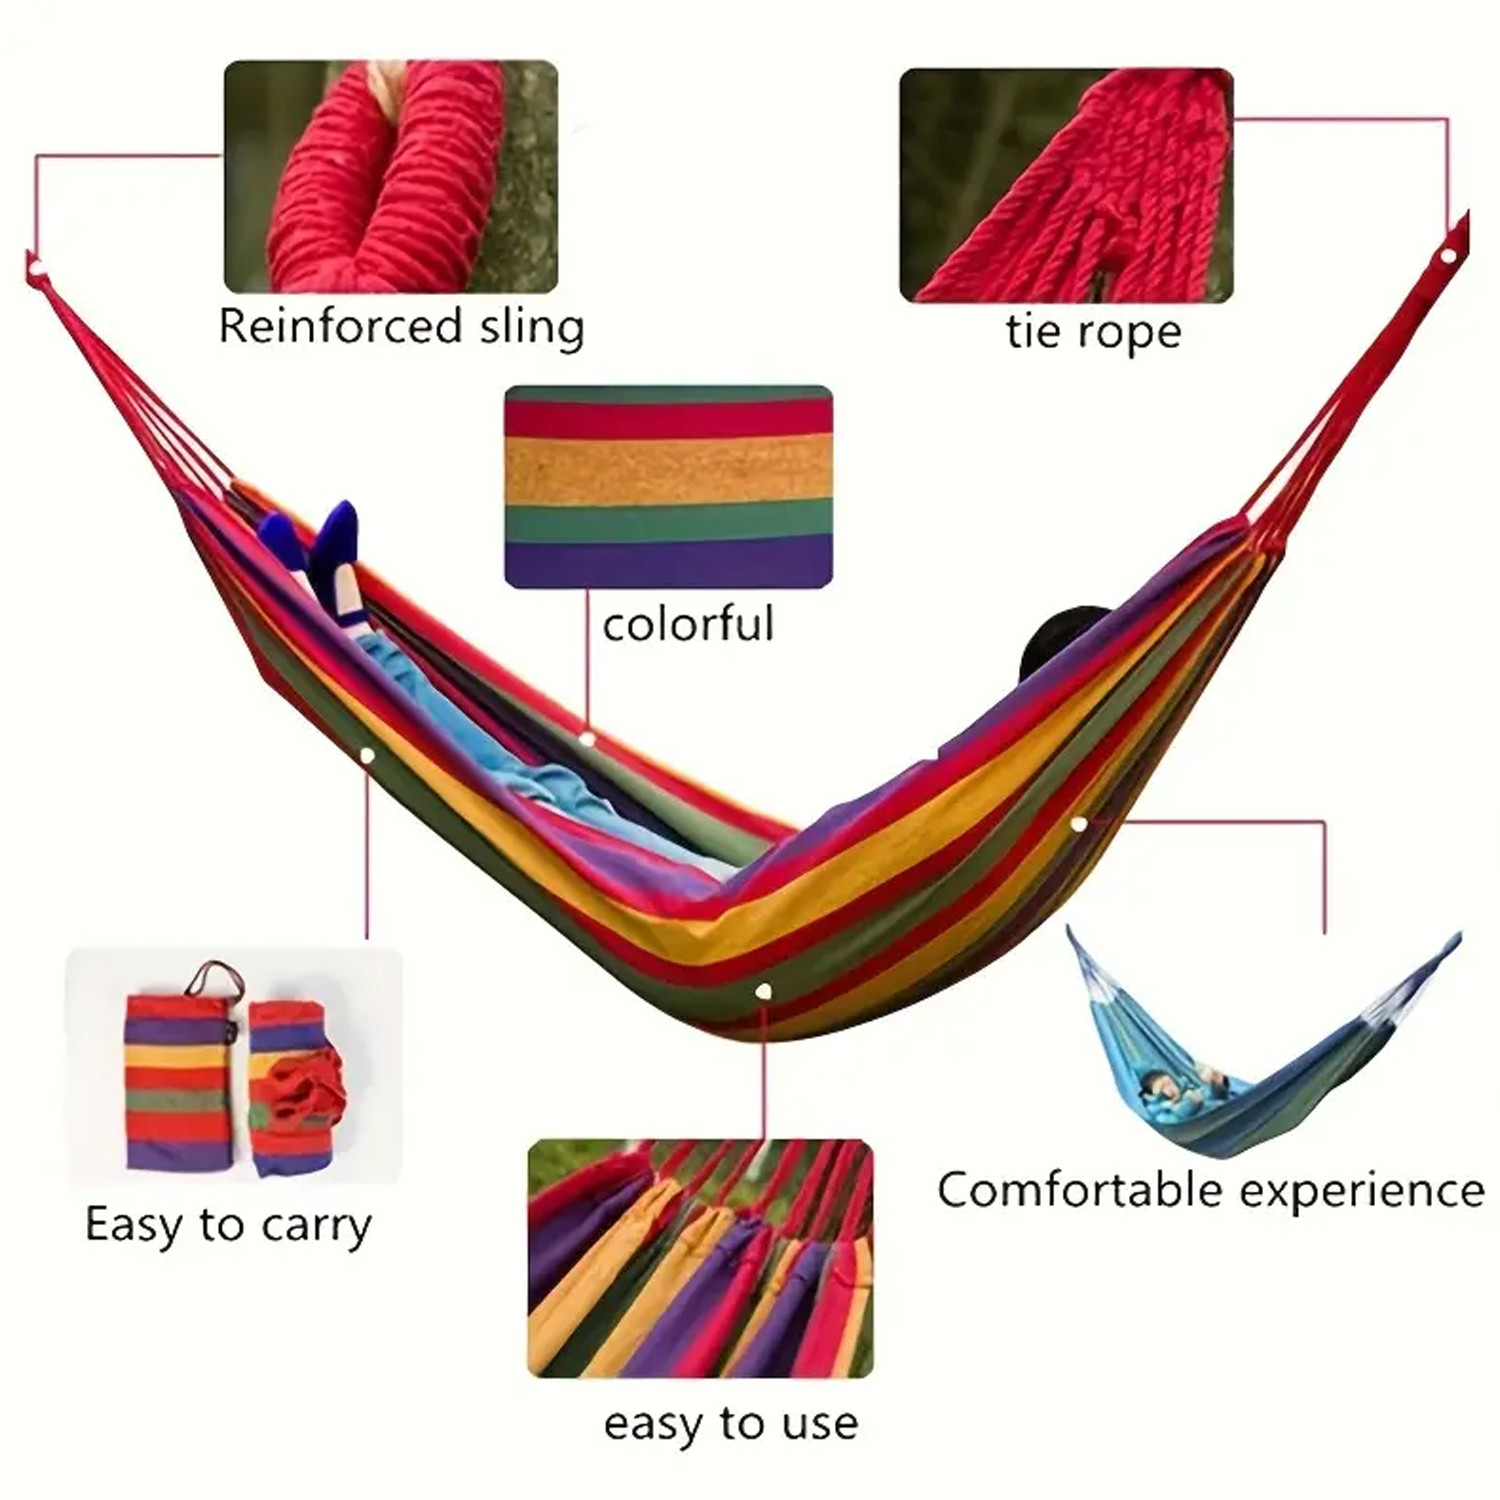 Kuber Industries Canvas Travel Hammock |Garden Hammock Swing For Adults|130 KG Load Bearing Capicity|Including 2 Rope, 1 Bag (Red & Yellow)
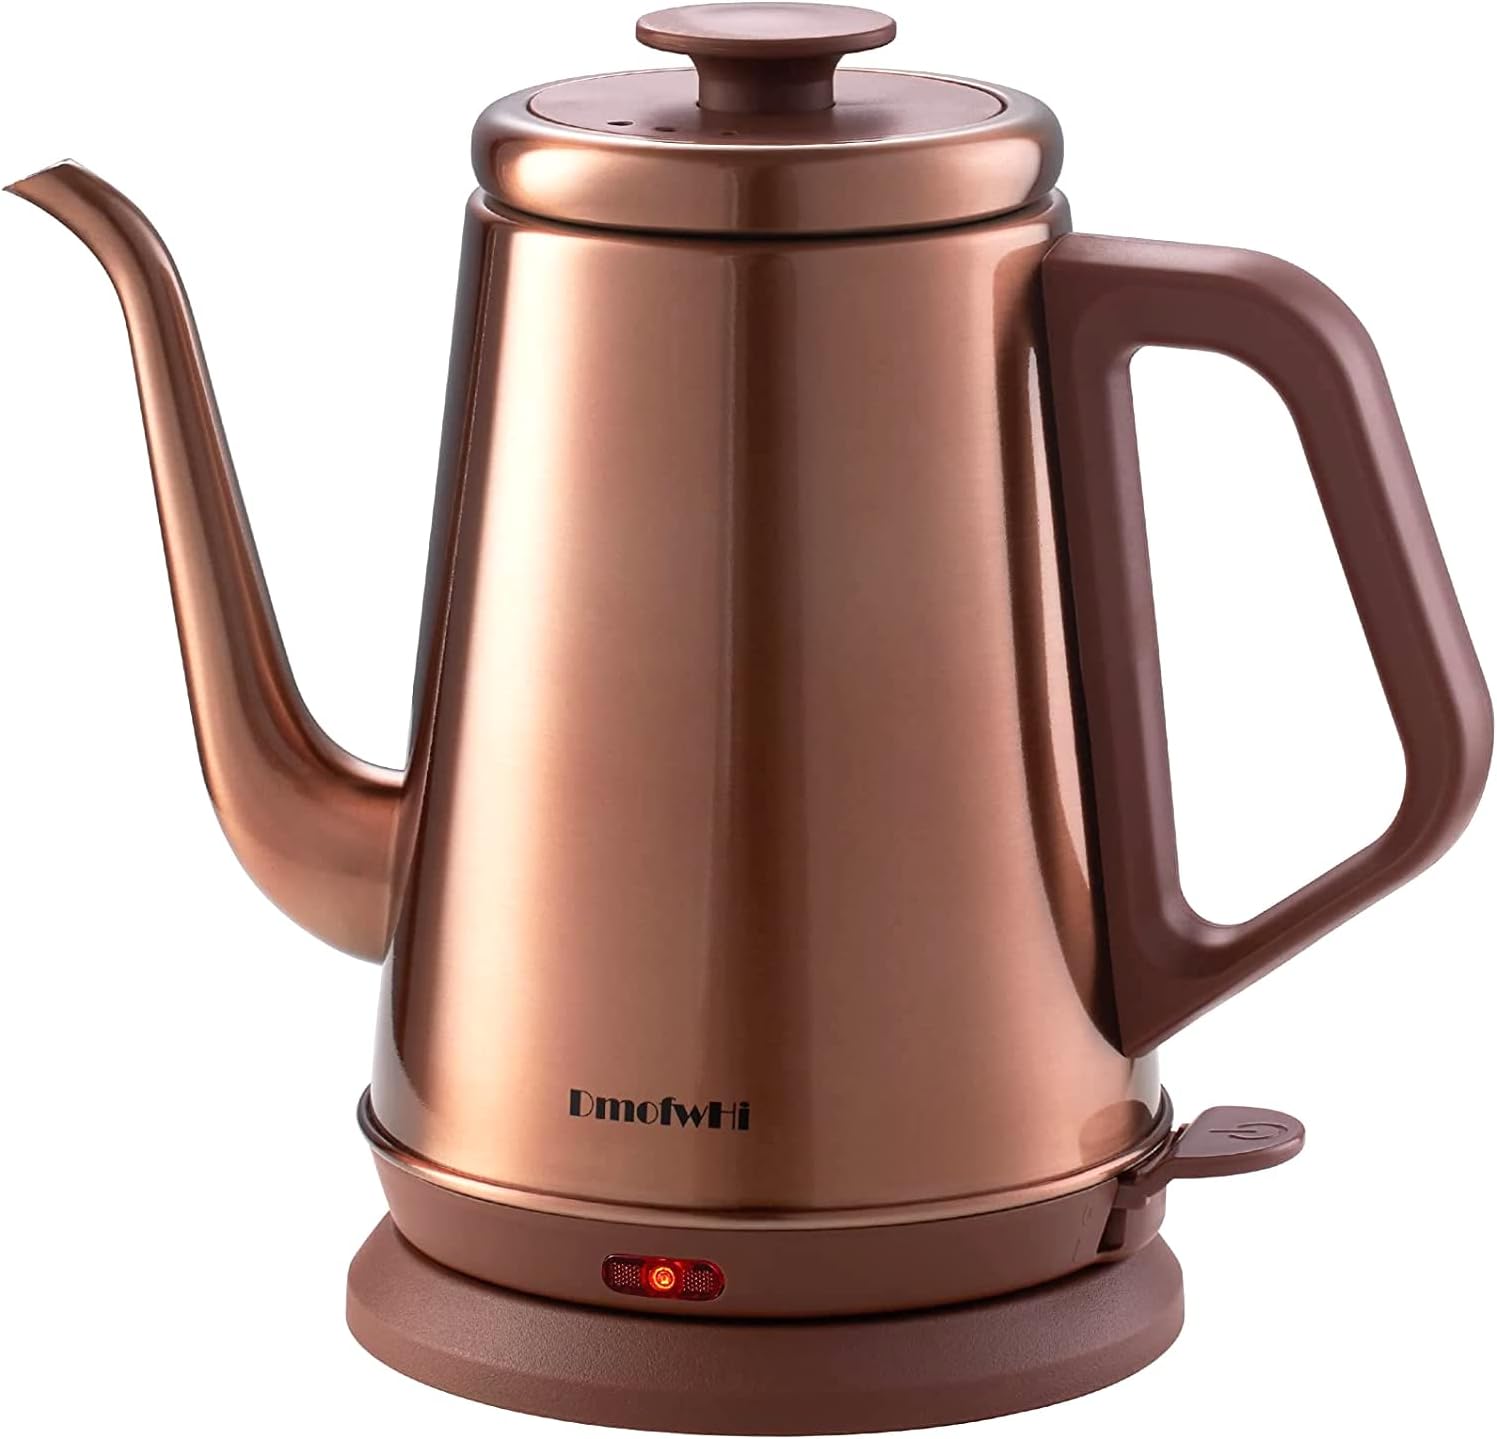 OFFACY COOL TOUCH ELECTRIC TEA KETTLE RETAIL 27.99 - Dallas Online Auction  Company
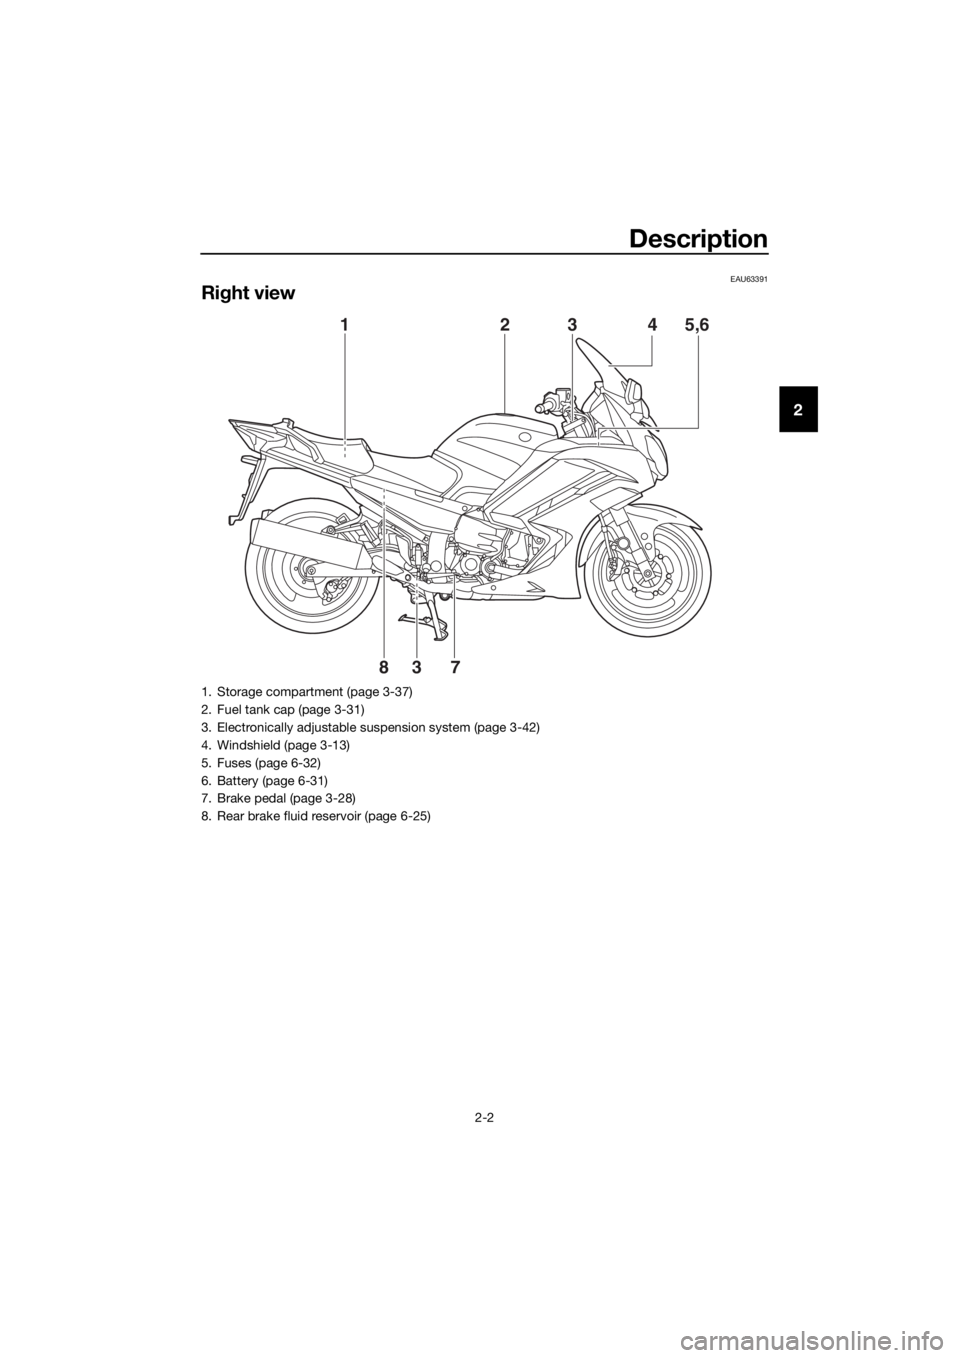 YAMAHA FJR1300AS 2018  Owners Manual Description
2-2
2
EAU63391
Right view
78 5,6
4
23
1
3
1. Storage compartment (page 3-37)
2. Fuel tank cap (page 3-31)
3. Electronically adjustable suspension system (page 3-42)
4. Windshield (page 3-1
┄┄┄┄┄┄
Exercise objective —
Every line of the material that includes the word "page" needs to be copied.

Written solution —
1. Storage compartment (page 3-37)
2. Fuel tank cap (page 3-31)
3. Electronically adjustable suspension system (page 3-42)
4. Windshield (page 3-1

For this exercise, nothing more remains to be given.